Neuropathy, Ataxia, and Retinitis Pigmentosa
Neuropathy, ataxia, and retinitis pigmentosa (NARP) is a condition that causes a variety of signs and symptoms that mainly affect the nervous system.
The condition typically begins in childhood or early adulthood, and the signs and symptoms usually worsen over time. Most people with NARP experience numbness, tingling, or pain in the arms and legs (sensory neuropathy); muscle weakness; and problems with balance and coordination (ataxia). Many affected individuals also have vision loss caused by changes in the light-sensitive tissue that lines the back of the eye (the retina). In some cases, the vision loss results from a condition called retinitis pigmentosa. This eye disease causes the light-sensing cells of the retina gradually to deteriorate.
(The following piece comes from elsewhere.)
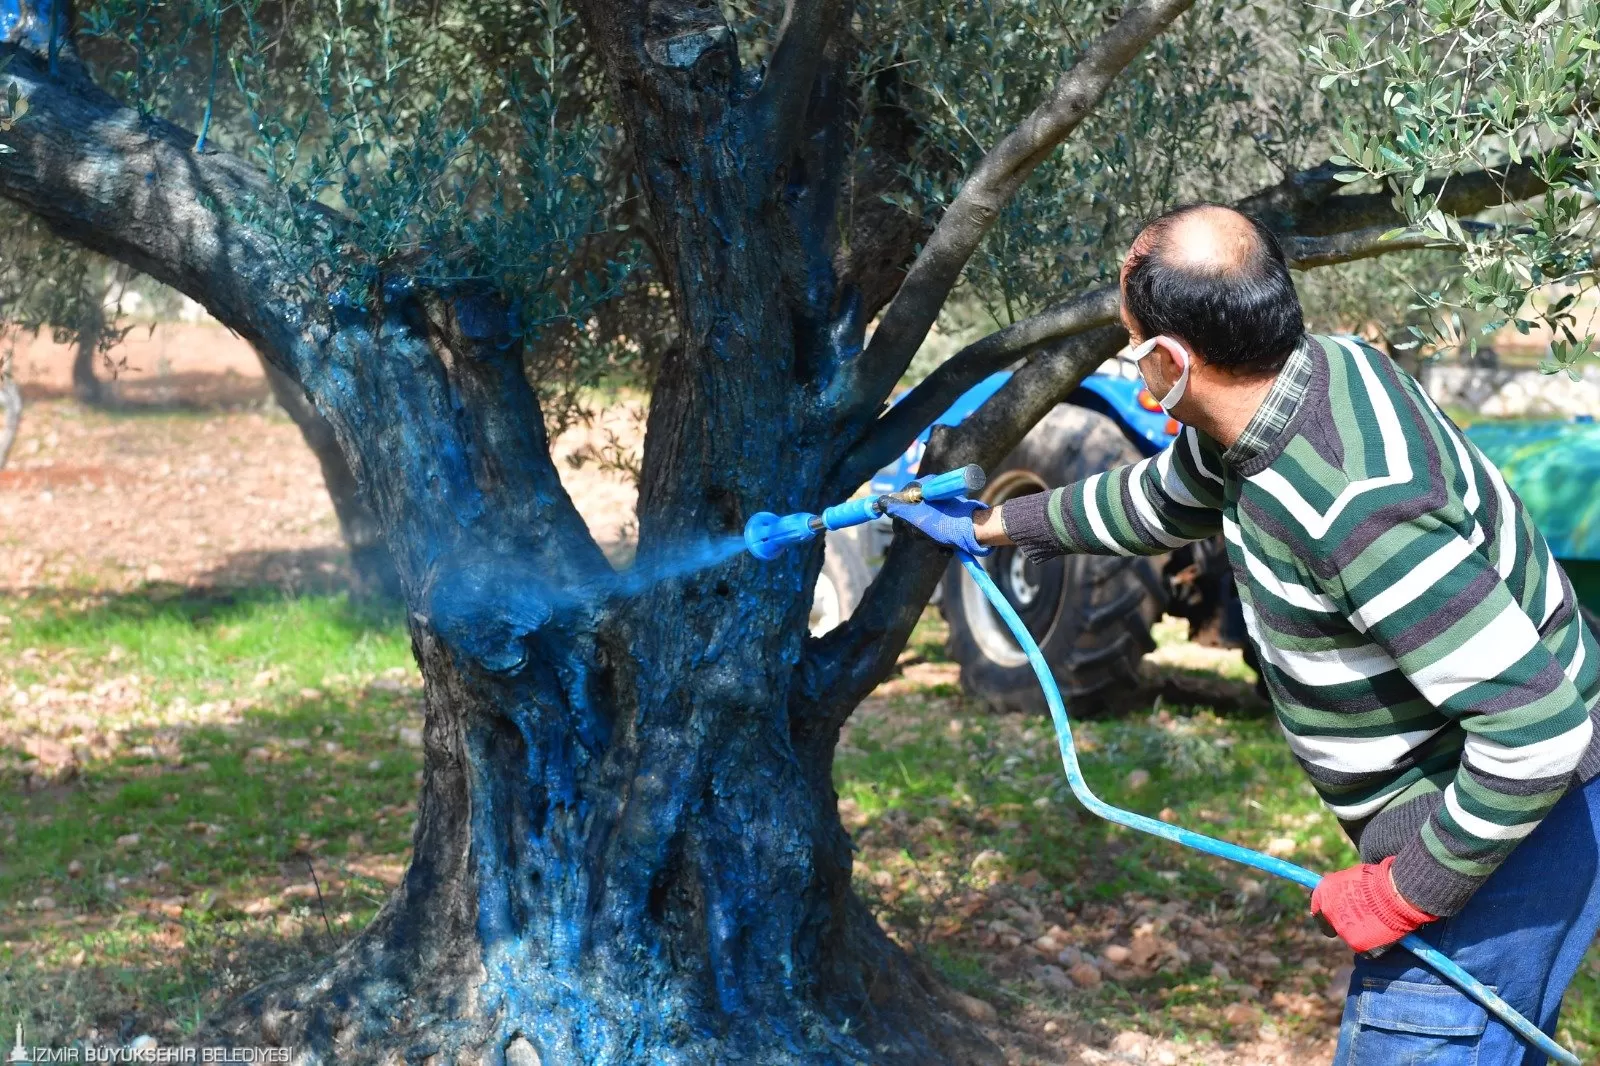 İzmir Büyükşehir Belediyesi, "Başka Bir Tarım Mümkün" vizyonuyla zeytin ağaçlarında "Halkalı Leke" hastalığıyla mücadele için 862 üreticiye 58 ton bordo bulamacı hibe etti.

Learning disabilities and developmental delays are often seen in children with NARP, and older individuals with this condition may experience a loss of intellectual function (dementia). Other features of NARP include seizures, hearing loss, and abnormalities of the electrical signals that control the heartbeat (cardiac conduction defects). These signs and symptoms vary among affected individuals.
The prevalence of NARP is unknown. This disorder is probably less common than a similar but more severe condition, Leigh syndrome, which affects about 1 in 40,000 people.
NARP results from mutations in the MT-ATP6 gene. This gene is contained in mitochondrial DNA, also known as mtDNA. Mitochondria are structures within cells that convert the energy from food into a form that cells can use. Although most DNA is packaged in chromosomes within the nucleus, mitochondria also have a small amount of their own DNA, known as mitochondrial DNA or mtDNA.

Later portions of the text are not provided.